Die Entwicklung erhält eine besondere Aktualität durch die Covid19-Krise, die das Warten von Maschinen erschwert. Die neue Datenbrille wird hier zum passenden Hilfsmittel, um Anlagen per Remote Service zu inspizieren: Das integrierte Eye Tracking lässt den zugeschalteten Experten genau erkennen, wo der Anlagenbediener gerade hinblickt – so erklären die Wiener Experten die Vorteile ihres Produkts. Anlagenbediener und Remotetechniker verständigen sich per Bild und Ton auf Distanz, als würden sie vor Ort im selben Raum zusammenarbeiten.
Gegründet wurde Viewpointsystem 2016 aus dem universitären Bereich heraus, wo Berger in der Verkehrsforschung tätig war. Eye Tracking wurde für die Analyse von Unfallursachen genutzt. Heute nun verbauen die damaligen Studenten in den VPS 19 Smart Glasses neben der Frontkamera noch zwei Blickverfolgungskameras. Die sich daraus ergebenden Bilddaten werden direkt in der Brille berechnet. Der zugeschaltete Experte kann so nachvollziehen, welche Maschinenteile der Träger der Brille fokussiert. Das Herz der Technik ist die selbst entwickelte Hochleistungselektronik und die Software. Viewpointsystem wurde dafür mit dem CES Innovation Honoree Award 2019 und dem Innovation World Cup 2019 in der Kategorie „Industrial“ ausgezeichnet – nun sind die Datenbrillen am Markt.

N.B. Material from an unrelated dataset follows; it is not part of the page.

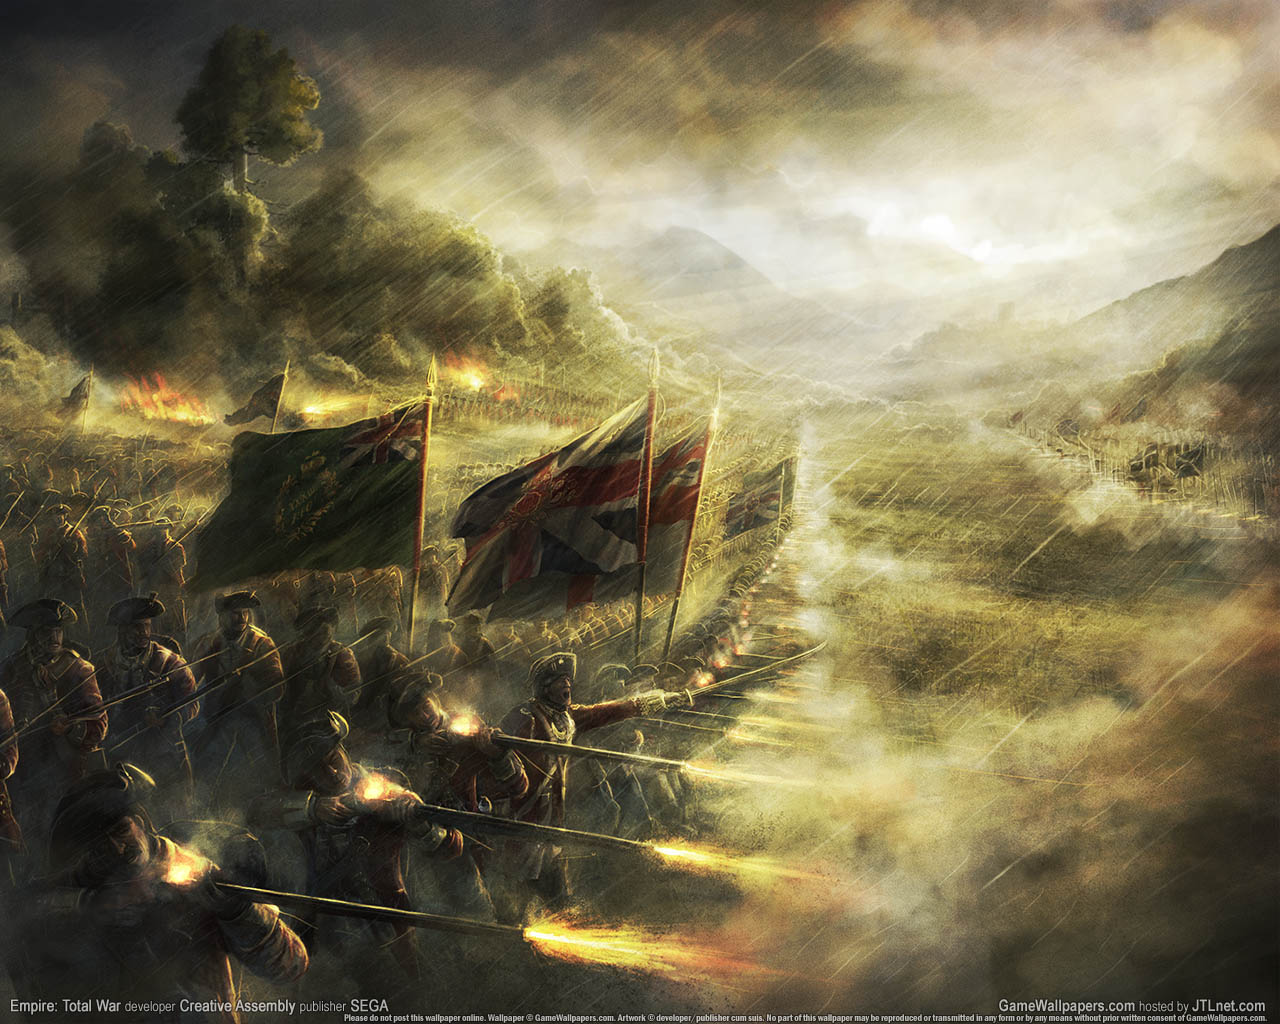 Empire: Total War fond d'cran 08 1280x1024
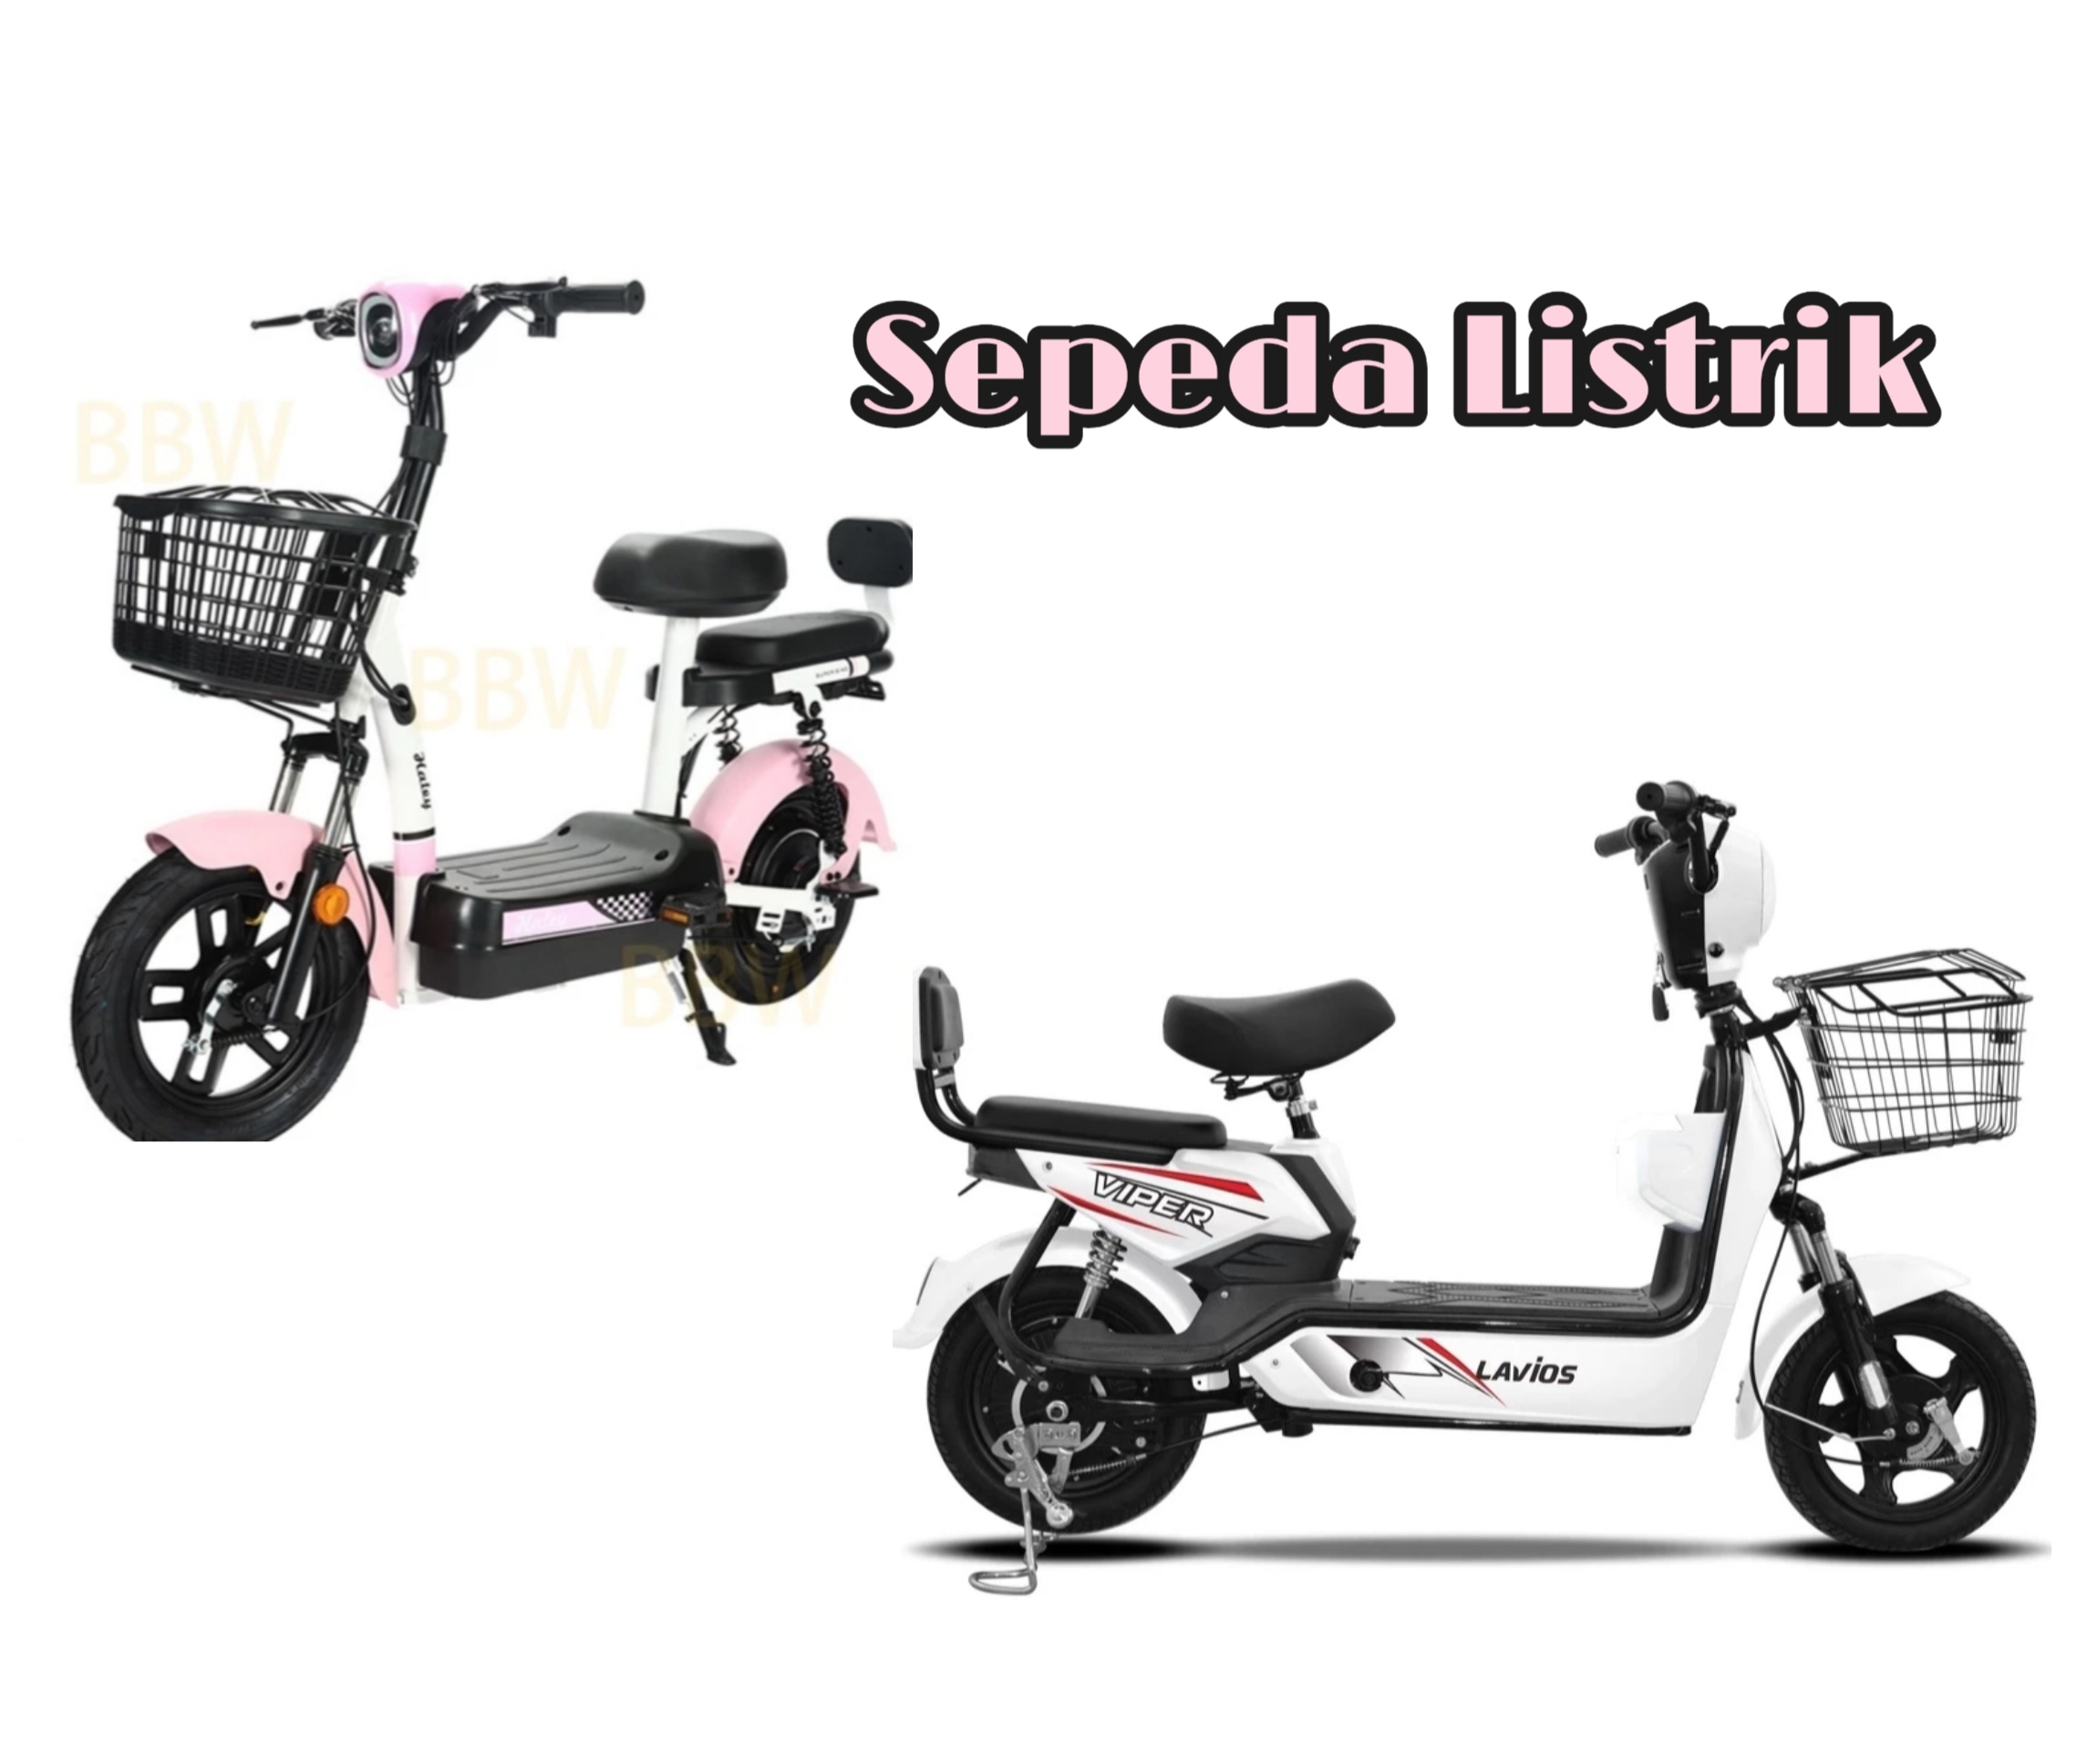 9 Rekomendasi Sepeda Listrik Power 350 Watt Cocok Untuk Anak dan Perempuan, Update Harga Terbaru

Modifizieren und Liefern im 24-Stunden-Rhythmus
„Die HP JetFusion Technologie hat die Entwicklung der Brillengeometrie deutlich beschleunigt“, sagt CEO Berger. Im 24-Stunden-Rhythmus lassen sich alle von den Entwicklern vorgenommenen Änderungen realisieren. „AM auch für die Produktion einzusetzen, war für uns ein Traum – um schnell und flexibel zu sein und um den aufwändigen Spritzguss zu umgehen.“ Nur die fehlende Biokompatibilität habe sie anfangs daran gehindert, auf eine additive Serienfertigung zu setzen. Doch HP könne nun auch die Biokompatibilität bieten, sagt Berger, das habe er Anfang des Jahres erfahren.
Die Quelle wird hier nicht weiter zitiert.